Most fail to correctly account the time spent in code generated by the
dynamic core anyways, can oprofile do that? Only one i found useful so
far was the amd analyzer (suppose the intel one would do it as well).
wd: oprofile can generate annotated assembler listings. Without some sort of debugging symbols, custom generated code can't be resolved to source code, however. GCC 4 has become very good at tracing back optimized and inlined code to the right source location, but dynamically generated code probably must be processed differently (pattern matching?).
If you're just after the dynamic code's runtime in general, then I think oprofile has the right tools to account for them. After all, you can use all of your CPUs performance counters (even multiple in parallel) on the binary.
Nevertheless, the stats ih8regs posted are valid, they show that the word
access functions suck a good part of the cpu time (even if the percentage
is lower due to the unaccounted time spent in generated code).
OK I see it, the address getting passed in the dyn_* functions. Valgrind might be able to track the dyn code, as it's supposed to be able to handle most self modifying code, or is it one one of those you tried that failed to account for the dyn time?
One question is how much of the mem_xxxxx_checked_x86 function's time is the unaligned overhead? To find out, here's the gprof line-by-line(line instead of function) profiling:
which is the end jump. There's two times for it, which I think is the time for the immediate jump of the fall through and exit jump after unaligned handling, so I'm thinking not.

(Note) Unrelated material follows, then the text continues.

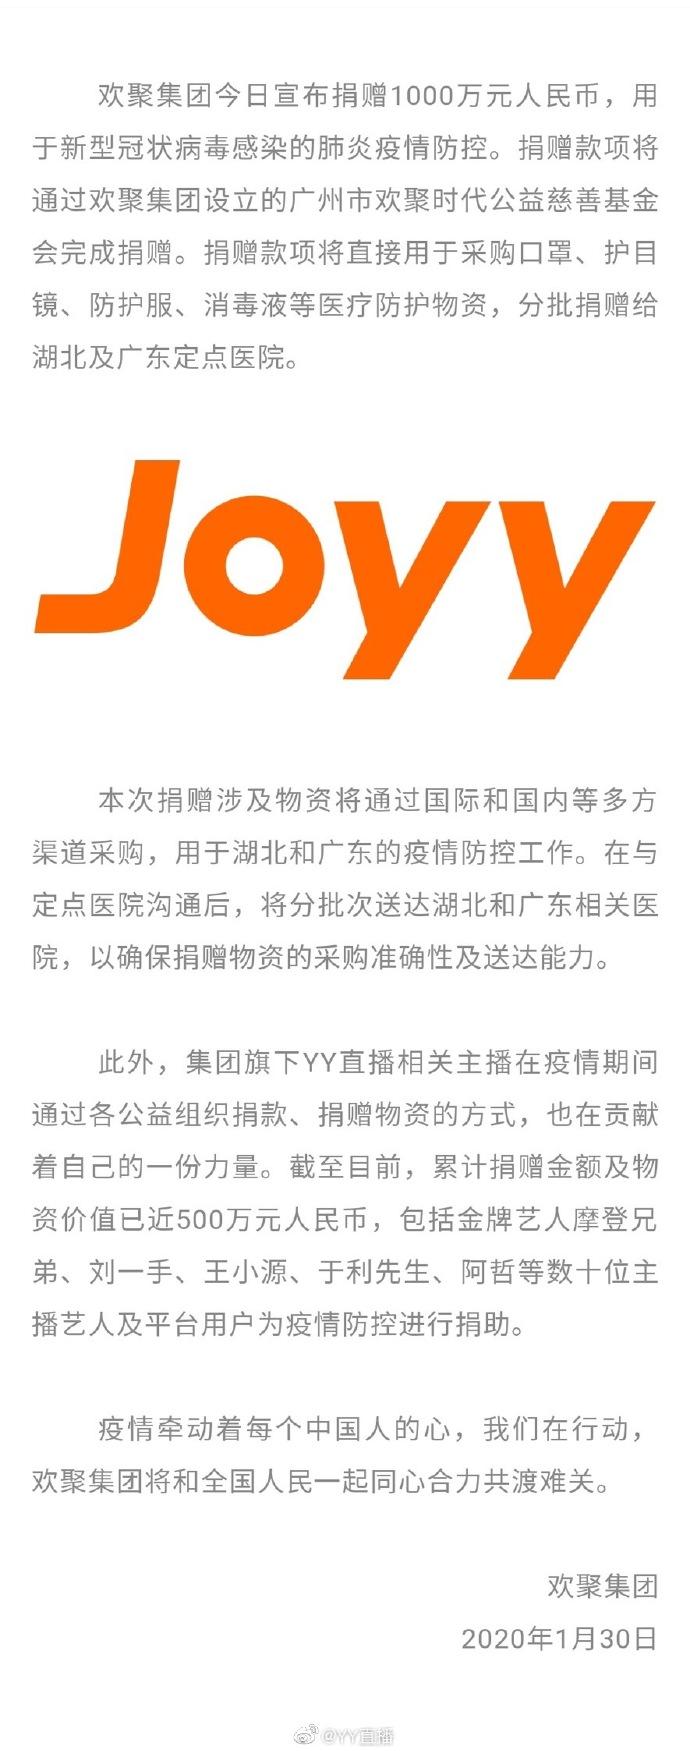 欢聚集团宣布捐赠1000万元人民币-玩懂手机网 - 玩懂手机第一手的手机资讯网(www.wdshouji.com)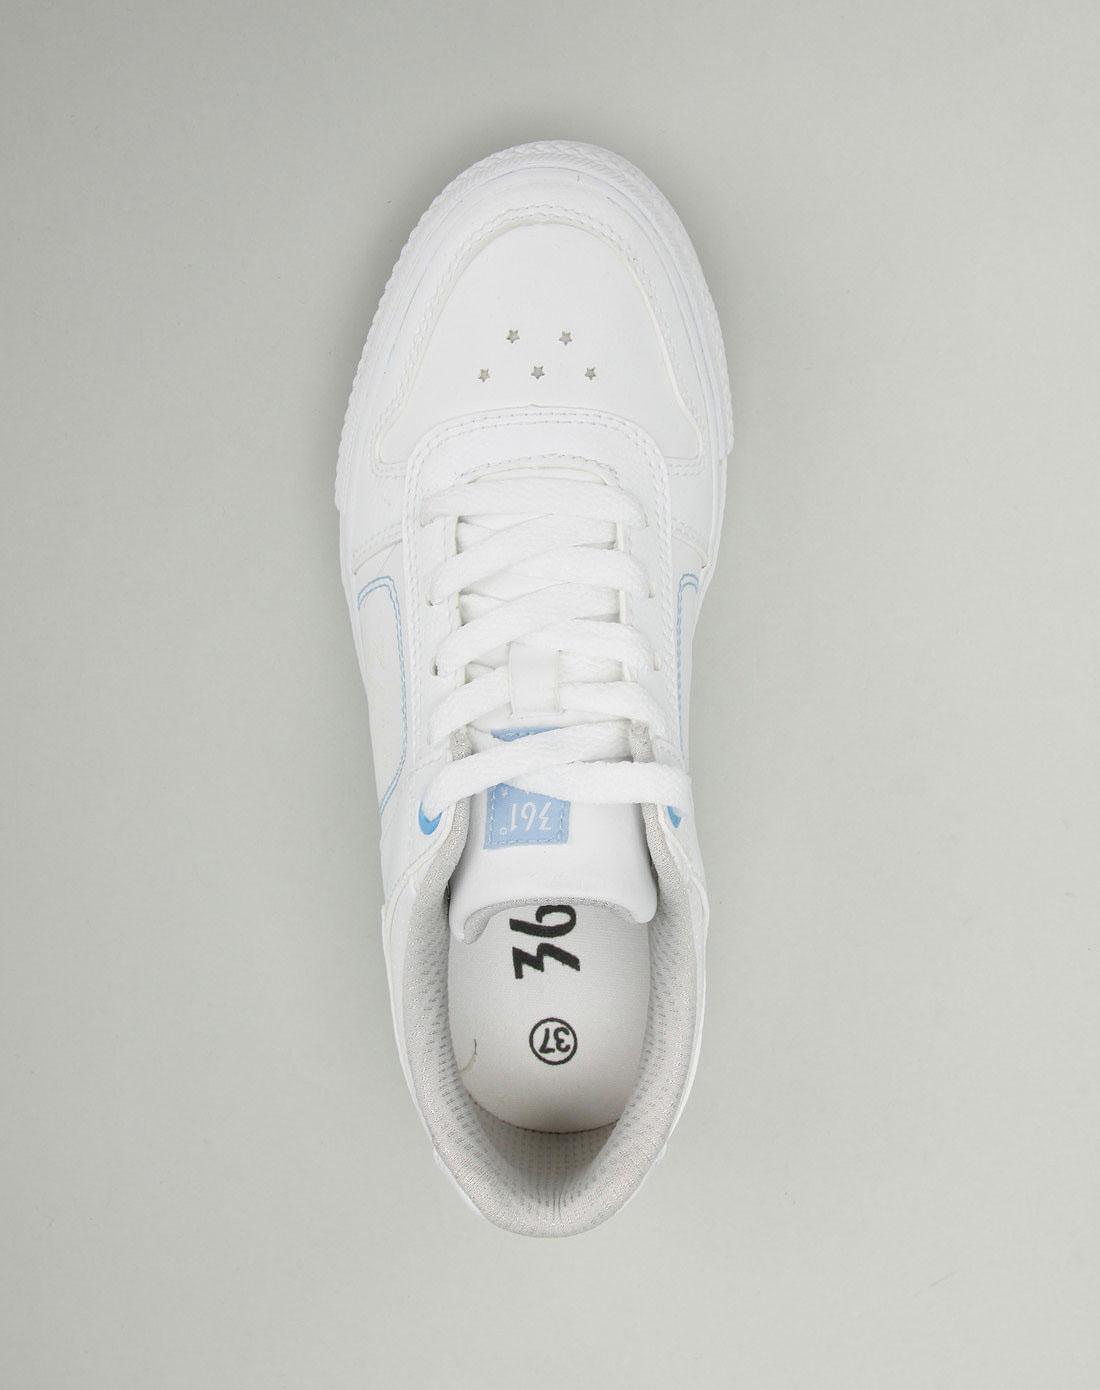 361°女款白/浅蓝色系带运动鞋

Last edited by ih8registrations on 2007-08-28, 23:52. Edited 2 times in total.
Oprofile can tell you that, given a CPU with a corresponding performance counter register. (All recent CPUs probably can track these problems, just don't expect too much on a pentium 2/3 😉 )
Need to rewrite it so that it doesn't need to check(qemu doesn't require/do such.) I need better understanding of dosbox's dependency & use of it to figure out a rewrite.